Contrairement à ce qu'a laissé entendre le président de la République, les souverainistes du Québec ne sont pas favorables à l'«enfermement»; ils n'incitent personne à «détester» les Canadiens des autres provinces.

Quant au sectarisme, le mot est trop fort. Cependant, les chefs indépendantistes doivent convenir qu'il existe au sein de leur mouvement un courant substantiel dont la tolérance aux opinions contraires n'est pas la principale vertu. Ce sont ces gens, dont certains fort connus, qui traitent les fédéralistes de traîtres, de vendus et autres insultes du genre, et dont les dirigeants du PQ et du Bloc ne se dissocient pas assez clairement.

Parlant de tolérance à l'égard des idées d'autrui, on ne peut pas dire que le chef du Bloc en a beaucoup manifesté en mettant les propos de Nicolas Sarkozy sur le compte de son «ignorance crasse» de la situation au Québec. Qu'en sait-il? Dans leur lettre, Gilles Duceppe et Pauline Marois citent, admiratifs, les déclarations du général de Gaulle au sujet de la «libération» du Québec. Le célèbre général connaissait-il mieux le Québec que M. Sarkozy aujourd'hui?

Cette ignorance dont parle M. Duceppe, Bernard Landry n'en avait pas décelé trace lors de sa rencontre avec le futur président il y a quatre ans. M. Landry n'avait pas non plus eu l'impression que M. Sarkozy était endoctriné par l'homme d'affaires Paul Desmarais, comme le prétendent aujourd'hui des indépendantistes dans une manoeuvre de mauvais goût visant à discréditer l'opinion du président. Faisant référence à l'amitié entre le propriétaire de La Presse et le politicien français, M. Landry avait déclaré: «M. Sarkozy a des amis qui ne pensent pas exactement comme nous. Mais ils lui ont présenté les choses d'une façon relativement objective. Il n'y a rien de négatif de son côté.»

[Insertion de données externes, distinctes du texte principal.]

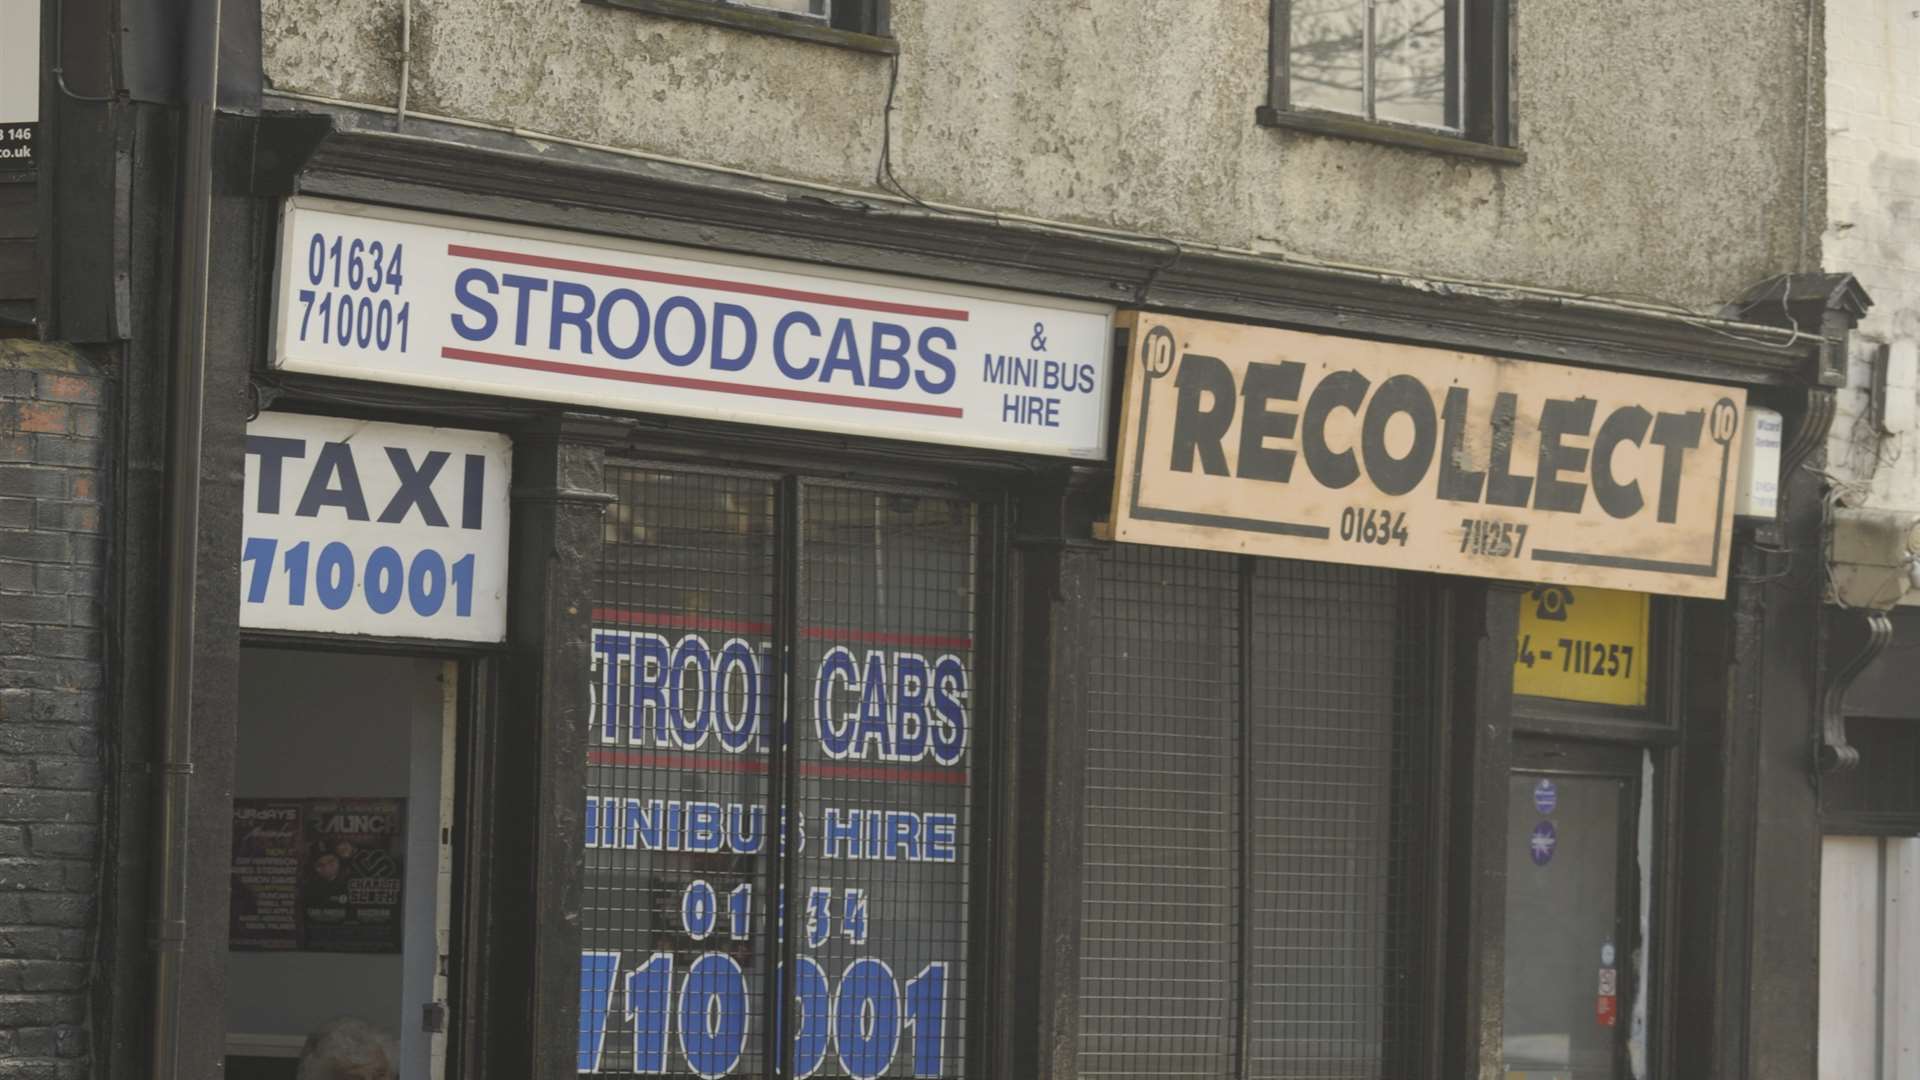 Strood Cabs was highlighted in the investigation

Écrivant au chef de l'Élysée, les leaders indépendantistes n'abordent pas une partie essentielle de ses récents propos. Ce passage, sous forme de question, est d'une pertinence certaine. Il exprime la vision particulière qu'un homme d'État profondément engagé dans les affaires internationales peut avoir du débat sur l'avenir politique du Québec.

«Croyez-vous que le monde, dans la crise sans précédent qu'il traverse, a besoin de division?» a demandé M. Sarkozy à son auditoire. Qui répondrait par l'affirmative?

Dans leur missive, Mme Marois et M. Duceppe soulignent au président de la République que «les Nations-Unies ont accueilli, depuis 1980, pas moins de 38 nouveaux pays». C'est un fait.

Le monde s'en porte-t-il mieux? De combien de ces pays les Québécois devraient-ils envier la qualité de vie politique, sociale, culturelle, économique? Est-il vraiment souhaitable que cette désagrégation des pays existants se poursuive?